Click to Enlarge In the session immediately following TWLO stock's rally, the shares sharply reversed course, giving back more than 9%.

It seems that Twilio bulls didn't have the buying power to push the stock north of resistance at its declining 50-day moving average. Short-term support appear to be holding in the $32 region for now, and the shares may even drift higher amid light holiday volume through the end of the year.

But when Wall Street comes back from break, the game may be set to change for TWLO stock.

The picture largely remains the same when we look at TWLO stock's brokerage backdrop. Zacks still reports that six of the eight analysts following Twilio rate the shares a "hold" or worse. The consensus price target has ticked higher to $39.14 from $38.17 on Dec. 15, but the upward revision has done little to improve the stock's overall standing - especially since upgrades didn't follow with the price-target increases.

Options traders also remain bearish on TWLO stock.

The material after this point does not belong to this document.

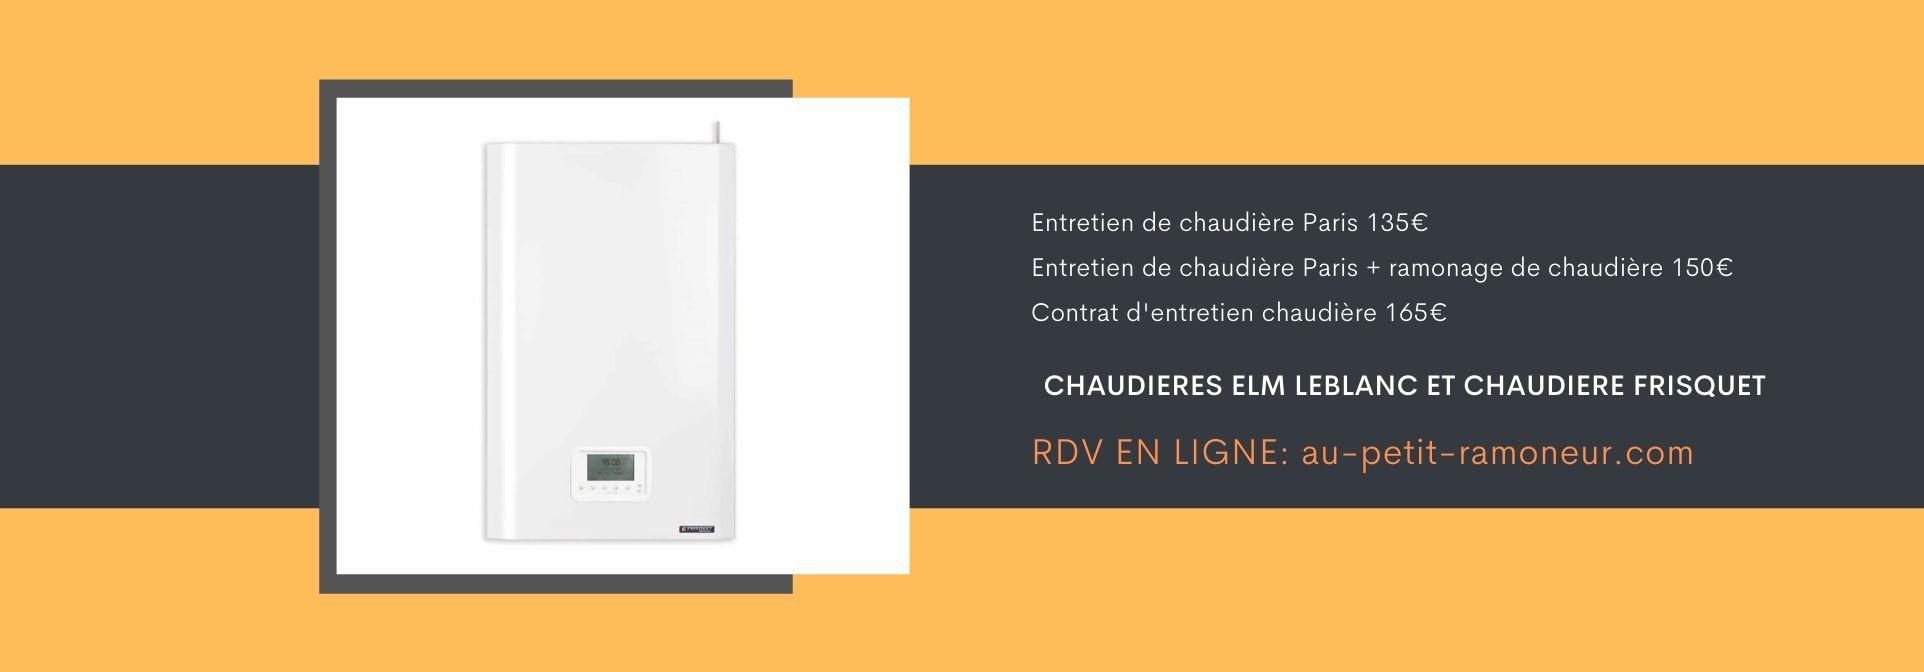 Entretien de chaudière Paris 75015

In fact, the January 2017 put/call open interest ratio ticked higher from its Dec. 15 reading of 0.98 to its current perch at 0.99. In other words, TWLO's recent mood swings only increased trepidation among speculative traders.

January 2017 implieds have come down from their lofty heights of an 18% move for TWLO stock through expiration, and now rest at an expected move of about 13.7%. The upper bound now stands at $36.66, while the lower bound lies at $27.84.

2 Trades for TWLO Stock

Bear Put Spread: I'm standing by my bearish take on TWLO stock, though my previous recommendation for a January 2017 $25/$27 put spread now seems a bit too aggressive. If you got into this trade, it still has potential, but the odds of realizing a maximum profit are now lower than I would like.

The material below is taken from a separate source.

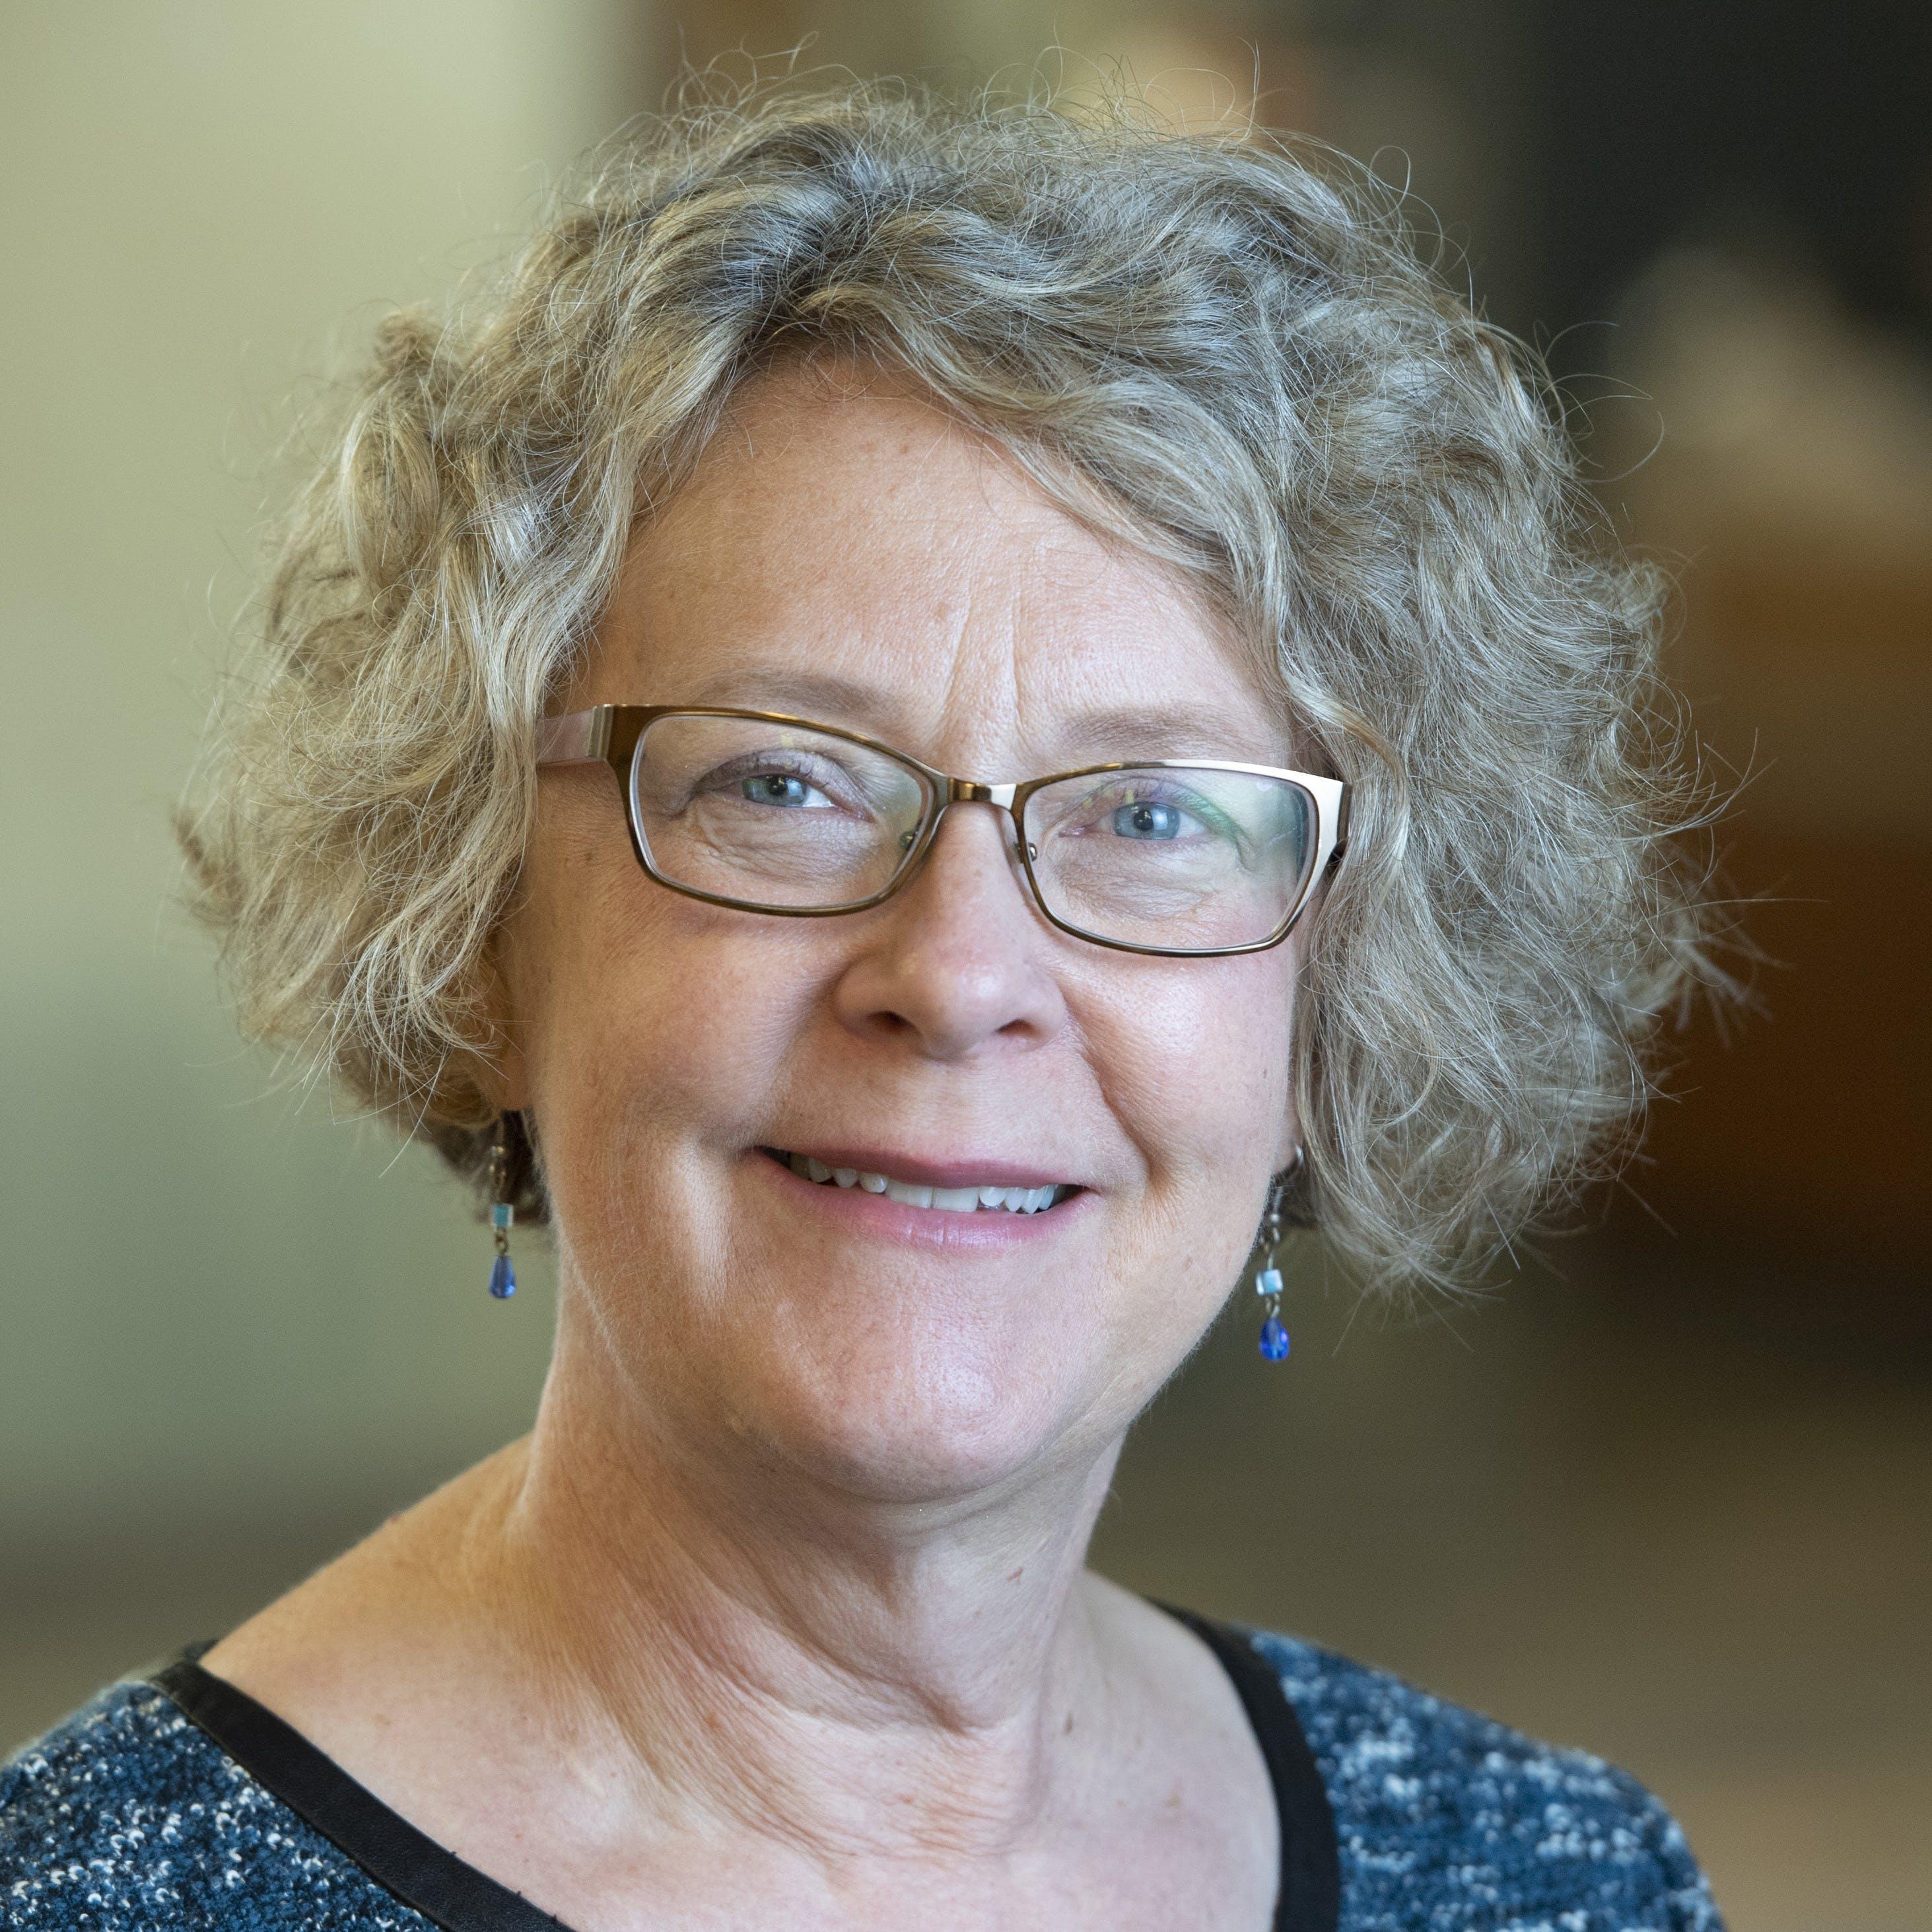 Meet Gretchen Wrobel, University Professor of Psychology and Univesity Professor of Psychology, at Bethel University.

Keeping that same theme, a January 2017 $30/$31 bear put spread looks a bit more achievable. At last check, this spread was offered at 71 cents, or $71 per pair of contracts. A maximum profit of 29 cents, or $29 per pair of contracts, is possible if TWLO stock closes at or below $30 when January options expire.

Put Sell: On the positive side, the January $24 put sell has an even better chance of finishing out of the money, and if you got in, continue to hold this position. If not, then you might consider a January 2017 $27 put sell position.

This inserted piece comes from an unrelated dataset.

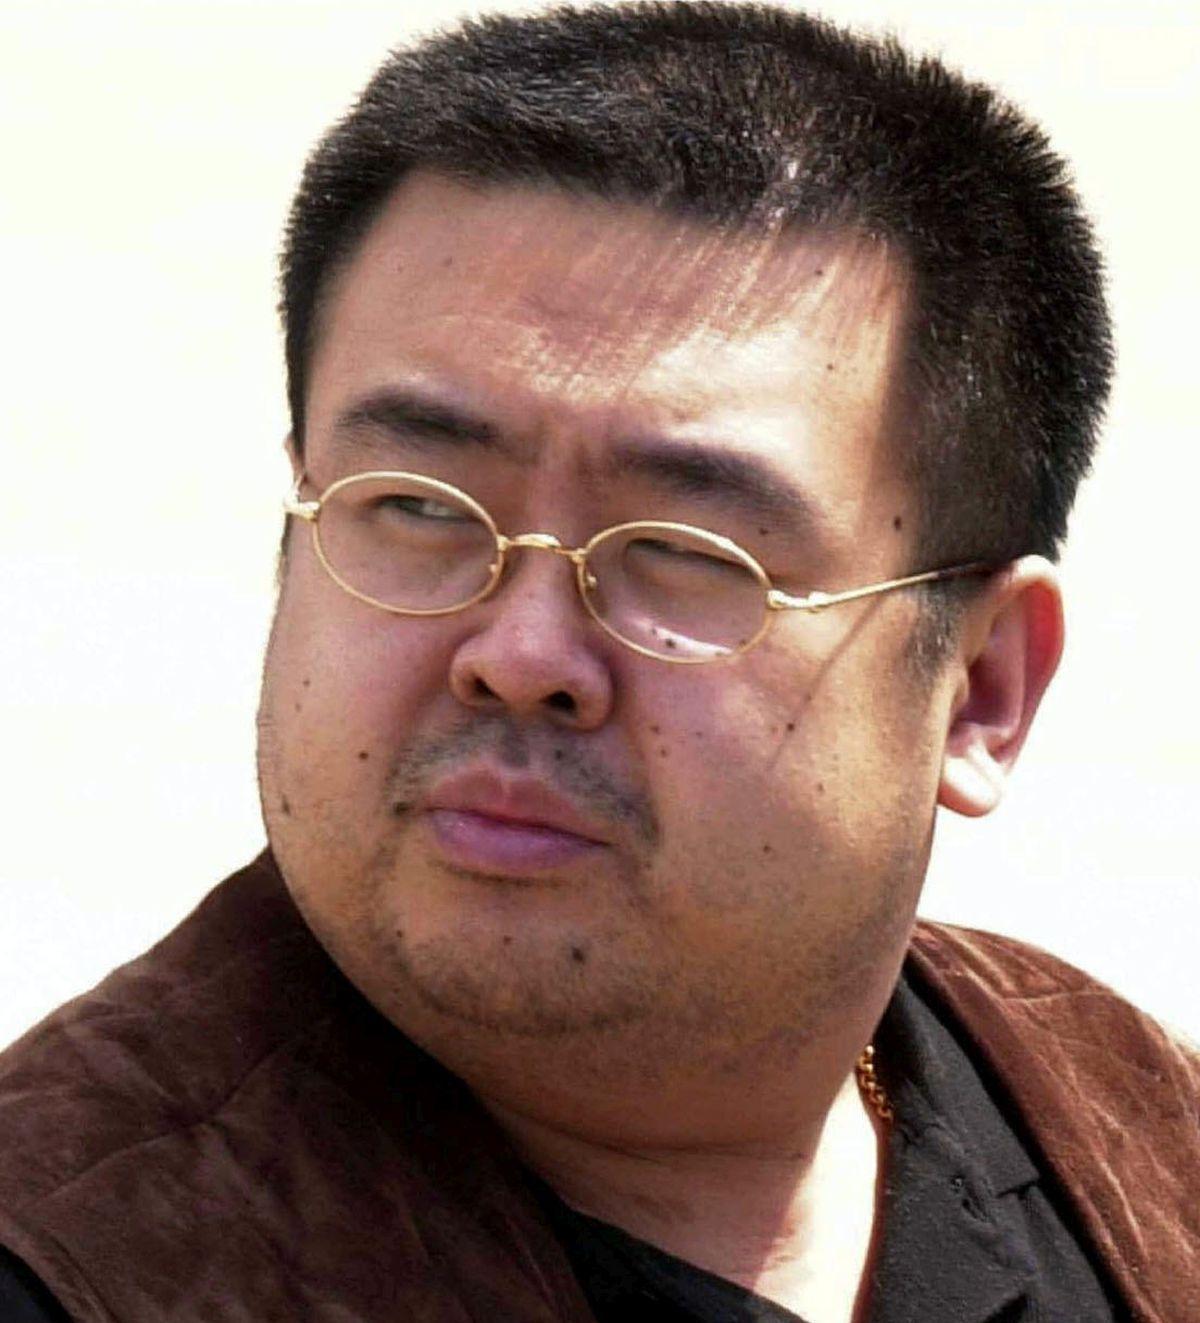 Malezijske vlasti uhitile Sjevernokorejca povezanog s ubojstvom Kim Jong Nama

At last check, the Jan $27 put was bid at 66 cents, or $66 per contract. As long as Twilio stock trades above $27 through January expiration, traders pursuing this strategy will keep the $66 premium. If TWLO trades below $27 ahead of expiration, however, you could be assigned 100 shares for each contract sold at a price of $27 per share.

As of this writing, Joseph Hargett did not hold a position in any of the aforementioned securities.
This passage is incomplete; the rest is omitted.